Chemistry: molecular biology and microbiology – Measuring or testing process involving enzymes or... – Involving virus or bacteriophage
Reexamination Certificate
2000-01-28
2001-07-31
Jones, W. Gary (Department: 1656)
Chemistry: molecular biology and microbiology
Measuring or testing process involving enzymes or...
Involving virus or bacteriophage
C435S006120, C435S091100, C435S091200, C435S325000, C435S252300, C435S243000, C536S063000
Reexamination Certificate
active
06268127
ABSTRACT:
FIELD OF THE INVENTION
The present invention pertains to methods for preparing DNA from serum and plasma, particularly for use as a target in amplification reactions.
BACKGROUND OF THE INVENTION
Technology is rapidly advancing in the area of amplification and detection of nucleic acids, particularly as it relates to commercial diagnostic tests, which offer early detection of infectious diseases, cancer and genetic disorders. Highly sophisticated techniques for the amplification of minute quantities of nucleic acids, such as PCR (polymerase chain reaction), are now well known (see. U.S. Pat. Nos. 4,683,195; 4,683,202; and 4,965,188). The inherent sensitivity of PCR, i.e., its ability to amplify very small concentrations of a target DNA, means that low level carryover of PCR products, and contamination between specimens, can yield false positive results. Carryover and sample contamination, among other things, are a function of the number of manipulations of the sample required during processing.

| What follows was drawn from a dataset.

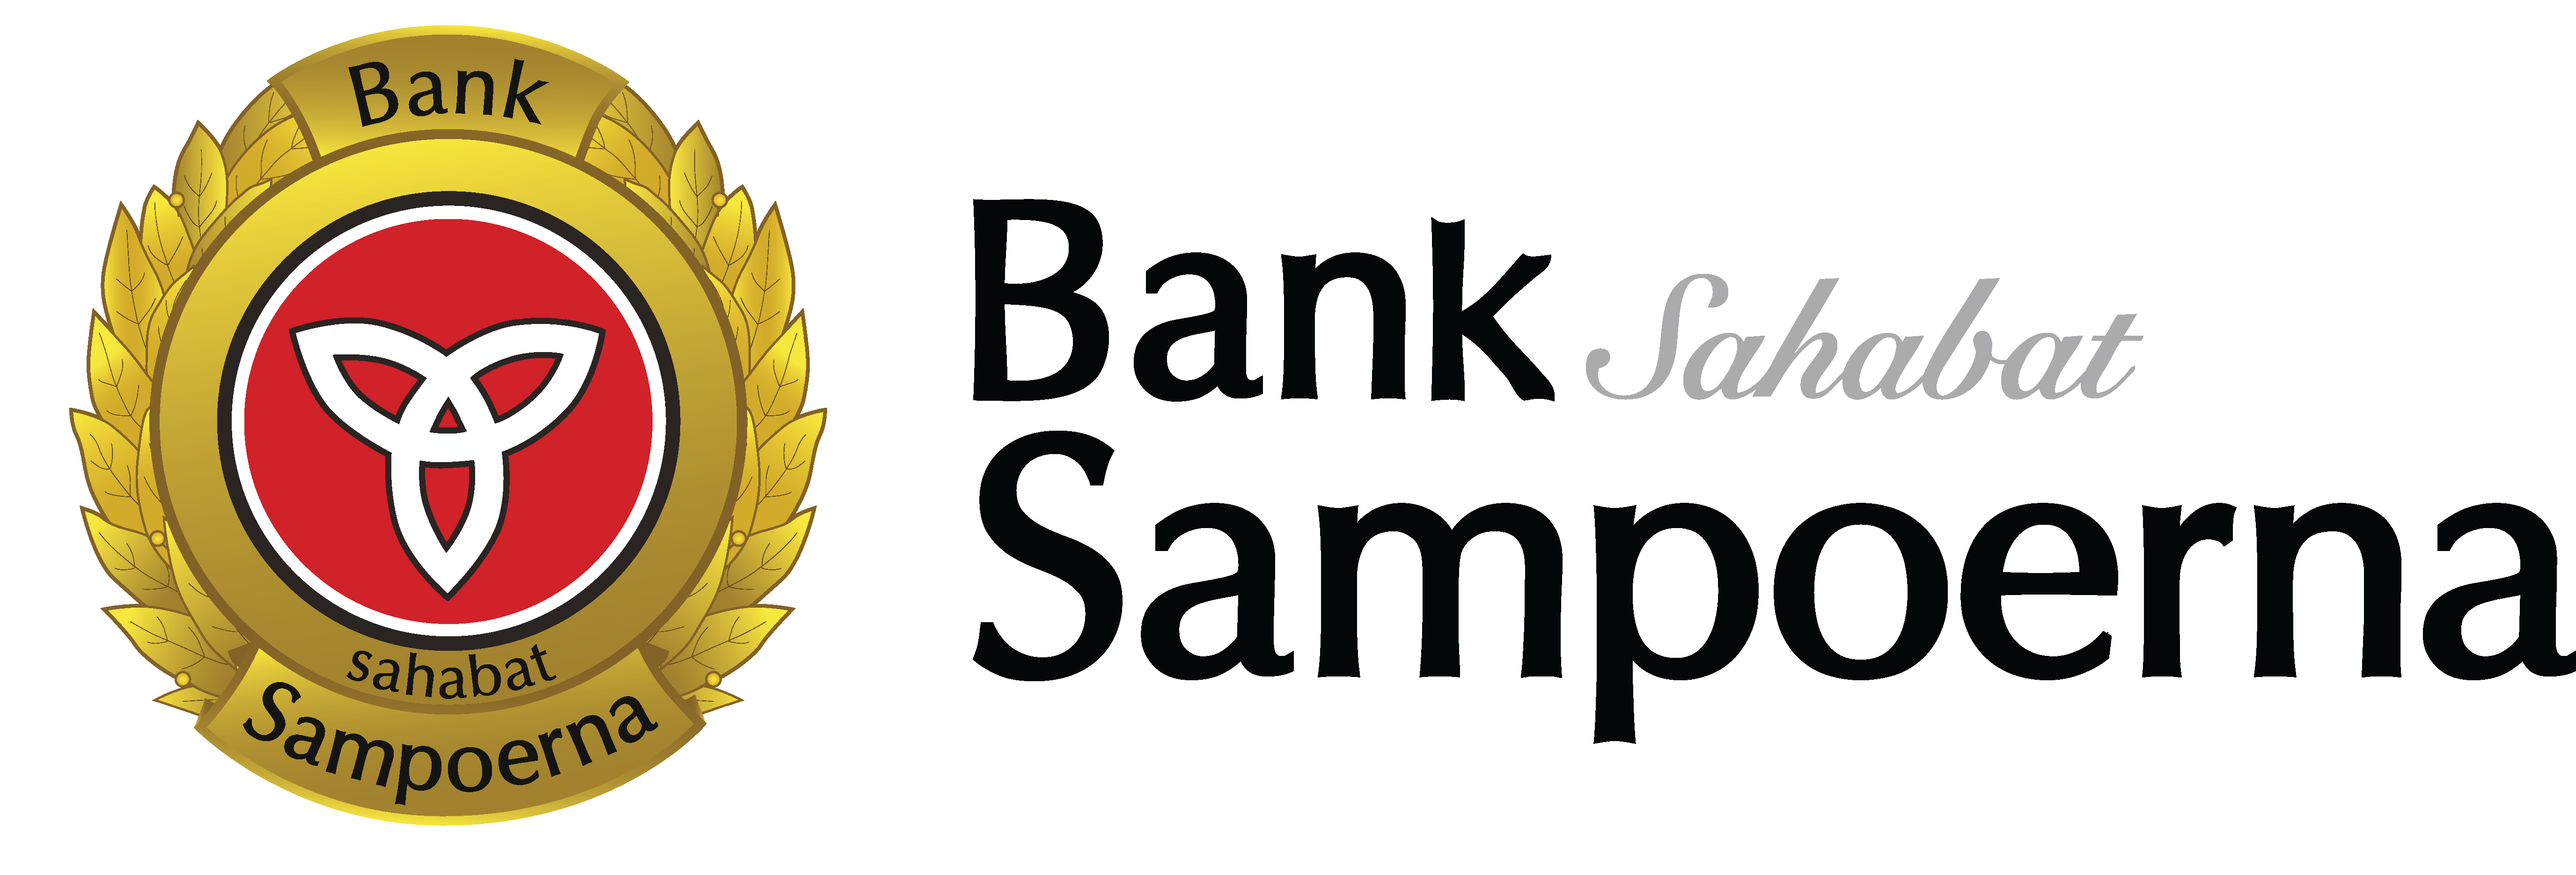 Bank Sampoerna

Therefore, a simple procedure with a minimal number of steps that expose the sample to the environment is highly desirable.
Traditionally, PCR identification of viremia due to infectious human cytomegalovirus (HCMV), and identification of other viruses and bacteria has been performed on peripheral blood leukocytes (WBCs) obtained from whole blood. Separation of WBCs from whole blood is usually required prior to extraction of the HCMV DNA from the WBCs. Procedures for this separation include erythrocyte sedimentation in a dextran solution (Rasmussen et al.,
J. Infect. Dis.
171:17714 82, 1995), differential lysis using ammonium chloride solutions (U.S. Pat. No. 5,702,884 Ekeze et al), or the use of commercially available procedures (such as, e.g., CPT-Vacutainer™ tubes from Becton-Dickinson). Typically, these procedures include a wash step which results in the removal of potential inhibitors of amplification; alternatively, the isolation of WBCs serves to remove these inhibitors, which typically reside in high concentration in plasma or serum.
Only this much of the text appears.